Kraken grab 4-3 shootout win over surging Canadiens

MONTREAL — Finishing off a grueling five-city road trip against a rebounding squad full of energy wasn’t the easiest way for Philipp Grubauer and the Kraken to end a weeklong winless stretch.

Despite languishing in the NHL’s basement, the Montreal Canadiens have been a changed club under new coach Martin St. Louis the past dozen games and showed why for much of this Saturday night affair. But Grubauer stood tall in his net when it mattered and the Kraken, who bent without breaking completely, squeaked out a 4-3 victory via a shootout on a night they were out-skated and beaten to loose pucks much of the way by a more energized-looking team.

Grubauer made a couple of tough glove saves in overtime to keep the Kraken alive, the biggest off Ben Chiarot from point-blank range with nobody between them.

“From there, it’s just like guessing because he was so close,” Grubauer said with a laugh. “He comes in at, like, the hashmarks, so it was a reaction save for sure.”

There’d be plenty more saves to come for Grubauer in three standard shootout rounds and then four more of the sudden death variety before Marcus Johansson scored on the backhand to win it for the Kraken. The victory snapped a stretch of four consecutive Kraken losses on the trip and was only their second win in the past 13 games.

Deserved results haven’t always gone the way of either of these teams, perhaps explaining why they remain close to one another at the bottom of the standings. The Kraken moved five points ahead of Montreal and two up on Arizona in the battle to stay out of last place overall in the league, but have played three more games than both.

It seemed the Kraken would prevail much more easily when a go-ahead Ryan Donato goal in the first period and then a Jared McCann power-play marker late in the second put their team ahead by two heading into the final frame.

But Canadiens defenseman Alexander Romanov cut the lead to 3-2 by scoring on a slapper from the left point just 1:04 into the third as Montreal pressured the Kraken relentlessly and had Grubauer flopping all around his crease. Then, with just 2:12 to play in regulation, Adam Larsson tried to intercept a cross-ice pass by Nick Suzuki in front of his net and inadvertently tipped the puck past Grubauer for the tying goal.

Up until that turn of events, the Kraken had puck-luck mostly bouncing their way.

Yanni Gourde, playing in front of family and friends in his home province, was credited with opening the scoring while shorthanded in the first period after Montreal defenseman Chris Wideman inadvertently backhanded the puck into his own net.
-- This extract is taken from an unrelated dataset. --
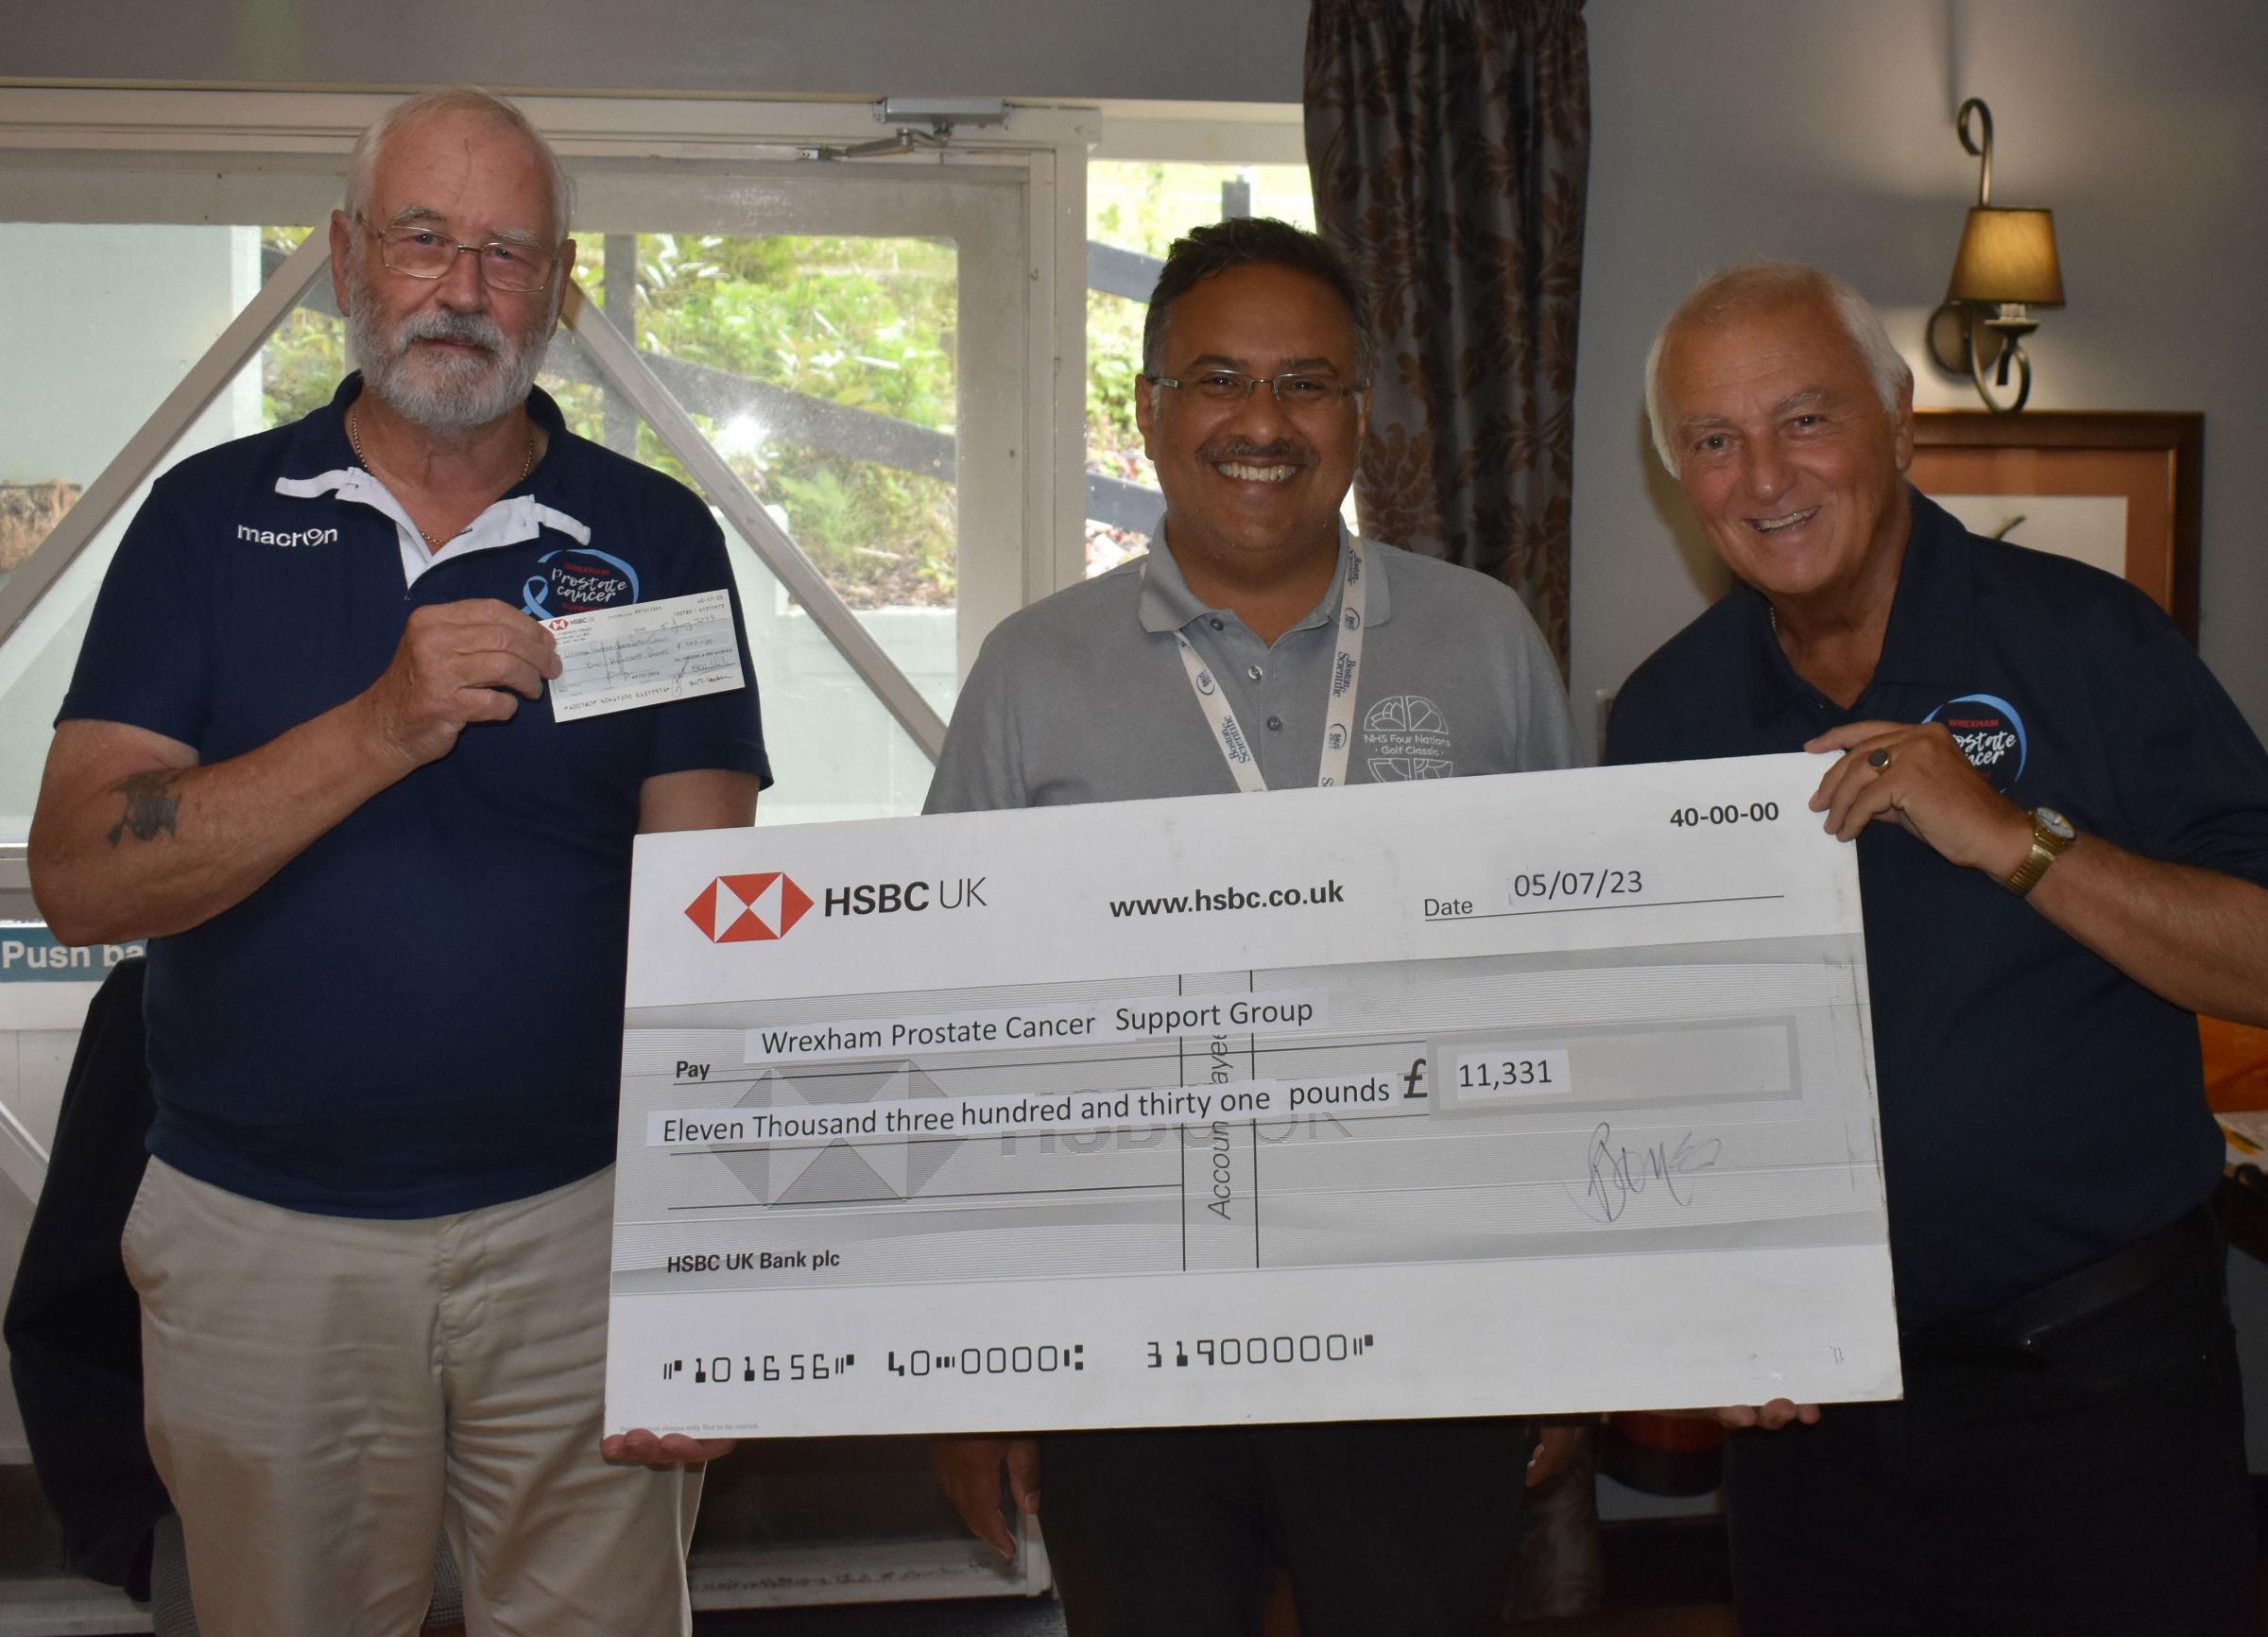 Club members Frank Maddocks and Phil Jones present Wrexham Maelor Hospital urologist Prof Iqbal Shergill with the cheque.

The Kraken nearly made it 2-0 killing that same penalty, only to have a Mason Appleton goal overturned by an offside call for the second straight game.

Not surprisingly, the video review decision was a momentum-turner for the Canadiens, who kept pressing and tied it later in the period when Michael Pezzetta got off a quick snapper that beat Grubauer over his glove.

On Donato’s go-ahead goal to make it 2-1, an initial shot from close-in by Marcus Johansson had missed the net completely. But the puck took a hard hop off the end boards right out front to Donato, who buried it in the net before Montreal goalie Sam Motembeault could react and get over.

The Canadiens had been 7-5-0 since St. Louis took over as coach from the fired Dominique Ducharme, consistently playing the type of fast-paced game that gave the Kraken fits at times in this one. Montreal nearly won the game early in overtime, with Ben Chiarot getting in alone and Grubauer making a point-blank save with his glove.

But given the way this season has gone, the Kraken will gladly take two points over style points.